2015-06-16 16:54:28.000 Timer Service:0x81747d0 [Util] <INFO> Task 'LicenseSizeAuditor' enabled
2015-06-16 16:54:28.001 nameless:0x816a600 [Catalog] <INFO> getLocalStorageLocations: no local node
2015-06-16 16:54:28.908 Init Session:0x7fd398010fd0 <LOG> @[initializing]: 00000/2705: Connection received: host=10.241.251.203 port=36758 (connCnt 1)
2015-06-16 16:54:28.908 Init Session:0x7fd398010fd0 <LOG> @[initializing]: 00000/4540: Received SSL negotiation startup packet
2015-06-16 16:54:28.908 Init Session:0x7fd398010fd0 <LOG> @[initializing]: 00000/4691: Sending SSL negotiation response 'N'
2015-06-16 16:54:28.909 Init Session:0x7fd398010fd0 <FATAL> @[initializing]: {SessionRun} 57V03/5785: Cluster Status Request by 10.241.251.203:36758
HINT: Cluster State: test
--Waiting for cluster invitation
----
LOCATION: initSession, /scratch_a/release/30493/vbuild/vertica/Session/ClientSession.cpp:436
2015-06-16 16:54:29.001 nameless:0x816a600 [Catalog] <INFO> getLocalStorageLocations: no local node
2015-06-16 16:54:30.001 nameless:0x816a600 [Catalog] <INFO> getLocalStorageLocations: no local node
2015-06-16 16:54:31.001 nameless:0x816a600 [Catalog] <INFO> getLocalStorageLocations: no local node
2015-06-16 16:54:32.001 nameless:0x816a600 [Catalog] <INFO> getLocalStorageLocations: no local node

 

Comments

  • SruthiASruthiA Administrator

    Hi,

     

      Can you check the startup.log file, if it has something like below

     

    {
      "node" : <node name>
      "stage" : "Waiting for Cluster Invite",
      "text" : "Ready to be invited",

    }

     

    -Regards,

     Sruthi

  • {
    "node" : "v_test_node0002",
    "stage" : "Waiting for Cluster Invite",
    "text" : "Prepare to be invited",
    "timestamp" : "2015-06-16 16:50:37.000"
    }

    {
    "node" : "v_test_node0002",
    "stage" : "Waiting for Cluster Invite",
    "text" : "Ready to be invited",
    "timestamp" : "2015-06-16 16:50:37.144"
    }

  • SruthiASruthiA Administrator

    Hi,

     

      Can you please run the following command /opt/vertica/bin/vnetperf --condense --hosts host1,host2...

     and share the output

     

    -Regards,

     Sruthi

     

  • Please find in the attachment

  • SruthiASruthiA Administrator

    Hi,

     

      Could you please start creating database and give the option no when it prompts for Do you want to continue waiting?. This provides us with the exact error message and helps to narrow down the issue.

     

    -Regards,

     Sruthi

  • Do you want the error message from the console where I say "no"?

  • Please find

     


    *** Creating database: test ***
    10.241.251.203 OK [vertica][(7, 1, 1)][000][x86_64]
    10.241.251.132 OK [vertica][(7, 1, 1)][000][x86_64]
    10.241.251.134 OK [vertica][(7, 1, 1)][000][x86_64]
    Checking full connectivity
    Creating database test
    Starting bootstrap node v_test_node0001 (10.241.251.203)
    Starting nodes:
    v_test_node0001 (10.241.251.203)

    Starting Vertica on all nodes. Please wait, databases with large catalogs may take a while to initialize.

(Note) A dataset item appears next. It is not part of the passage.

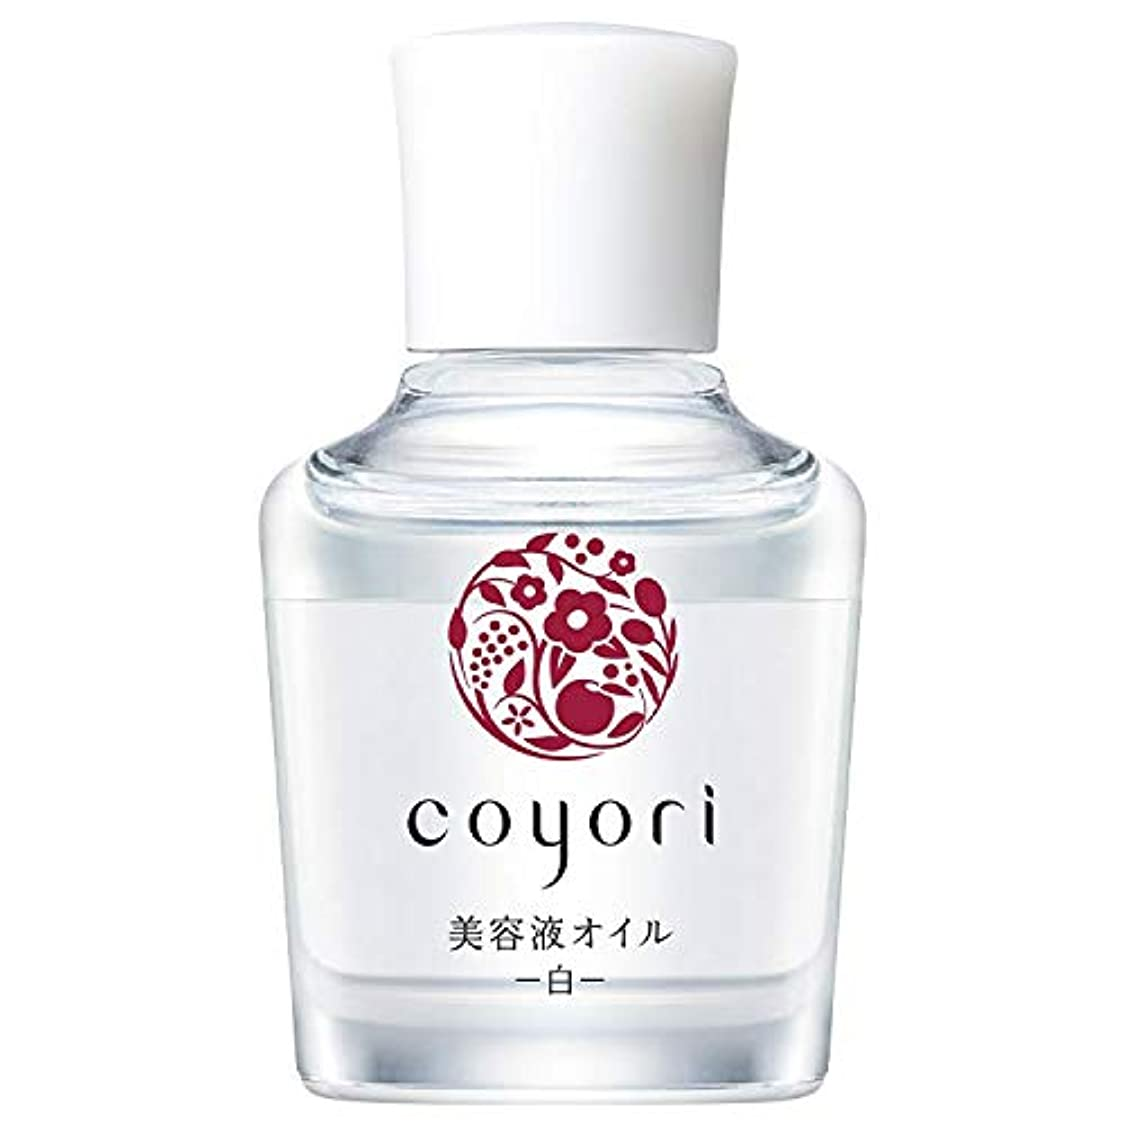 ありがたいチェスコモランマCoyori コヨリ 美容液オイル-白- 20mL 無添加[高機能 自然派 エイジングケア 乾燥肌 敏感肌 くすみ 乾燥 小じわ 対策用 もっちり ハリ ツヤ フェイスオイル ]

    Node Status: v_test_node0001: (INITIALIZING)
    Node Status: v_test_node0001: (INITIALIZING)
    Node Status: v_test_node0001: (INITIALIZING)
    Node Status: v_test_node0001: (UP)
    Creating database nodes
    Creating node v_test_node0002 (host 10.241.251.132)
    Creating node v_test_node0003 (host 10.241.251.134)
    Generating new configuration information
    Stopping bootstrap node
    Starting all nodes
    Starting nodes:
    v_test_node0001 (10.241.251.203)
    v_test_node0002 (10.241.251.132)
    v_test_node0003 (10.241.251.134)

    Starting Vertica on all nodes. Please wait, databases with large catalogs may take a while to initialize.

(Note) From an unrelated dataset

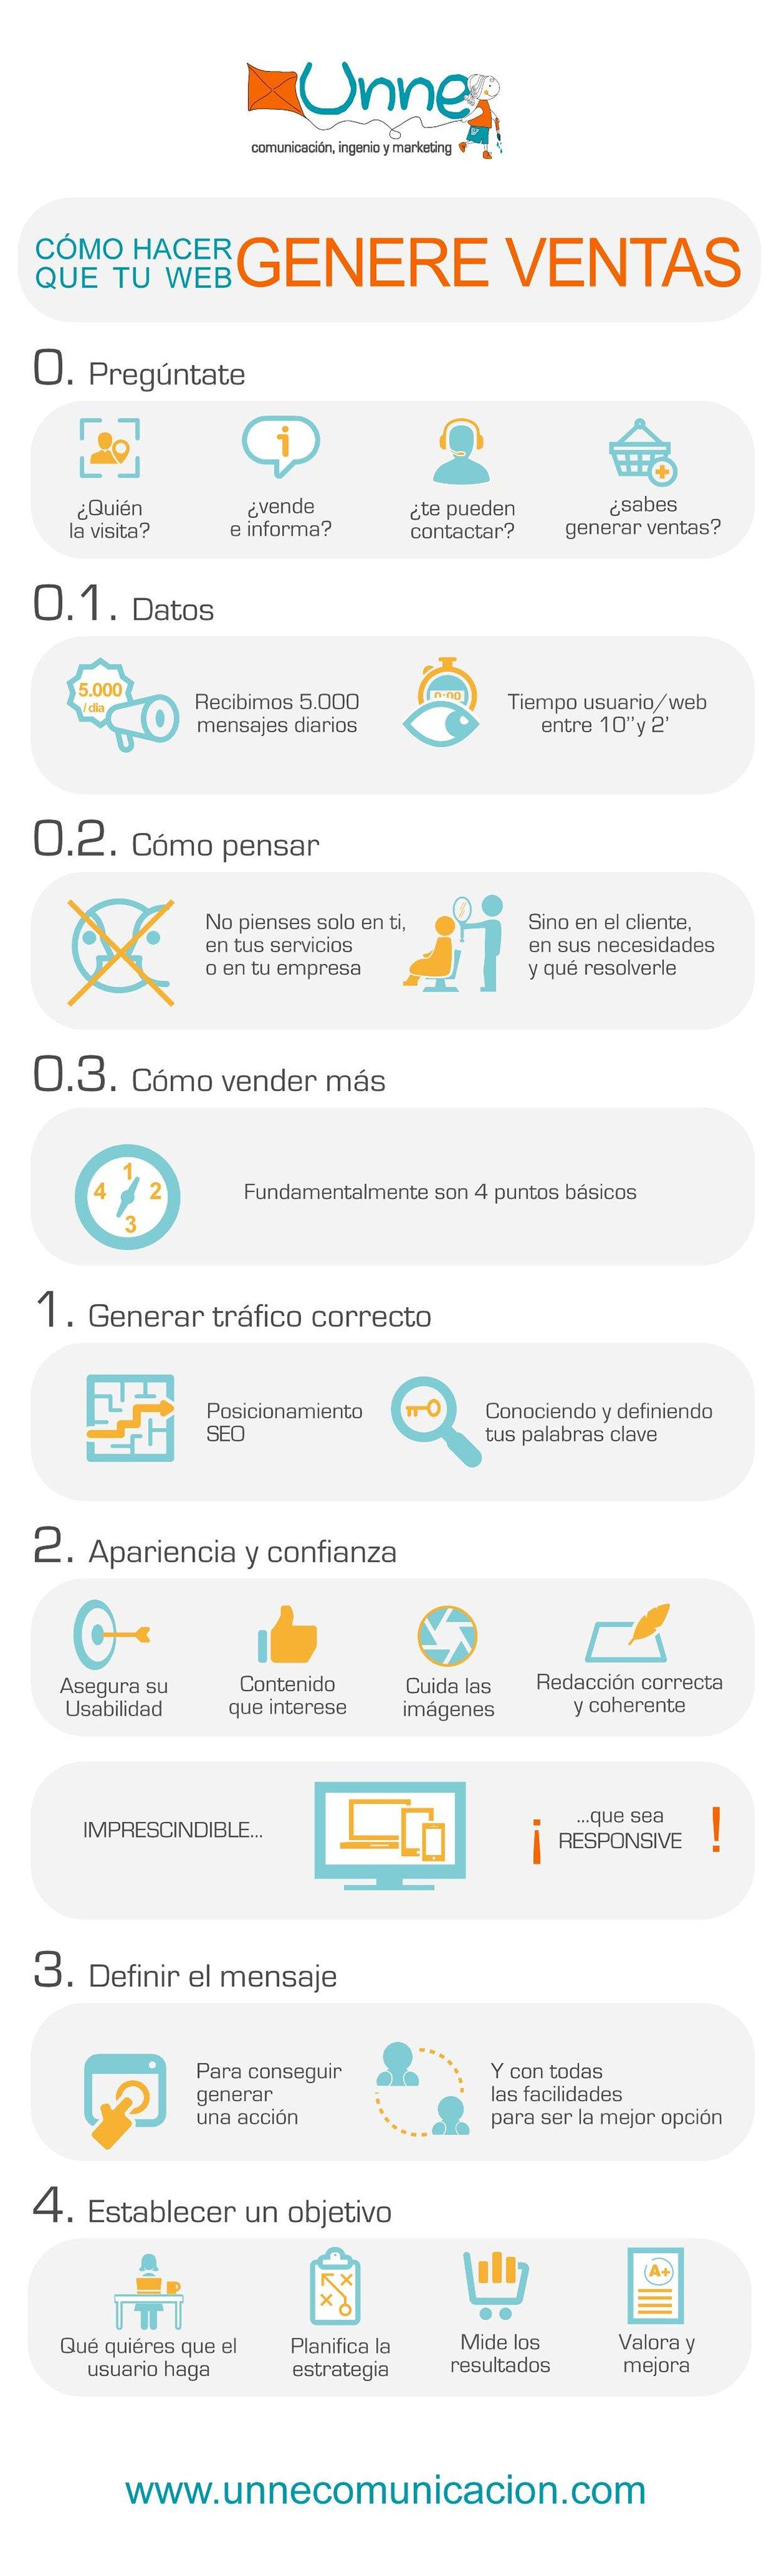 infografia Cómo hacer que tu web genere ventas by Unne  Comunicación

    Node Status: v_test_node0001: (INITIALIZING) v_test_node0002: (DOWN) v_test_node0003: (DOWN)
    Node Status: v_test_node0001: (INITIALIZING) v_test_node0002: (DOWN) v_test_node0003: (DOWN)
    Node Status: v_test_node0001: (INITIALIZING) v_test_node0002: (DOWN) v_test_node0003: (DOWN)
    Node Status: v_test_node0001: (INITIALIZING) v_test_node0002: (DOWN) v_test_node0003: (DOWN)
    Node Status: v_test_node0001: (INITIALIZING) v_test_node0002: (DOWN) v_test_node0003: (DOWN)
    Node Status: v_test_node0001: (INITIALIZING) v_test_node0002: (DOWN) v_test_node0003: (DOWN)
    Node Status: v_test_node0001: (INITIALIZING) v_test_node0002: (DOWN) v_test_node0003: (DOWN)
    Node Status: v_test_node0001: (INITIALIZING) v_test_node0002: (DOWN) v_test_node0003: (DOWN)
    Node Status: v_test_node0001: (INITIALIZING) v_test_node0002: (DOWN) v_test_node0003: (DOWN)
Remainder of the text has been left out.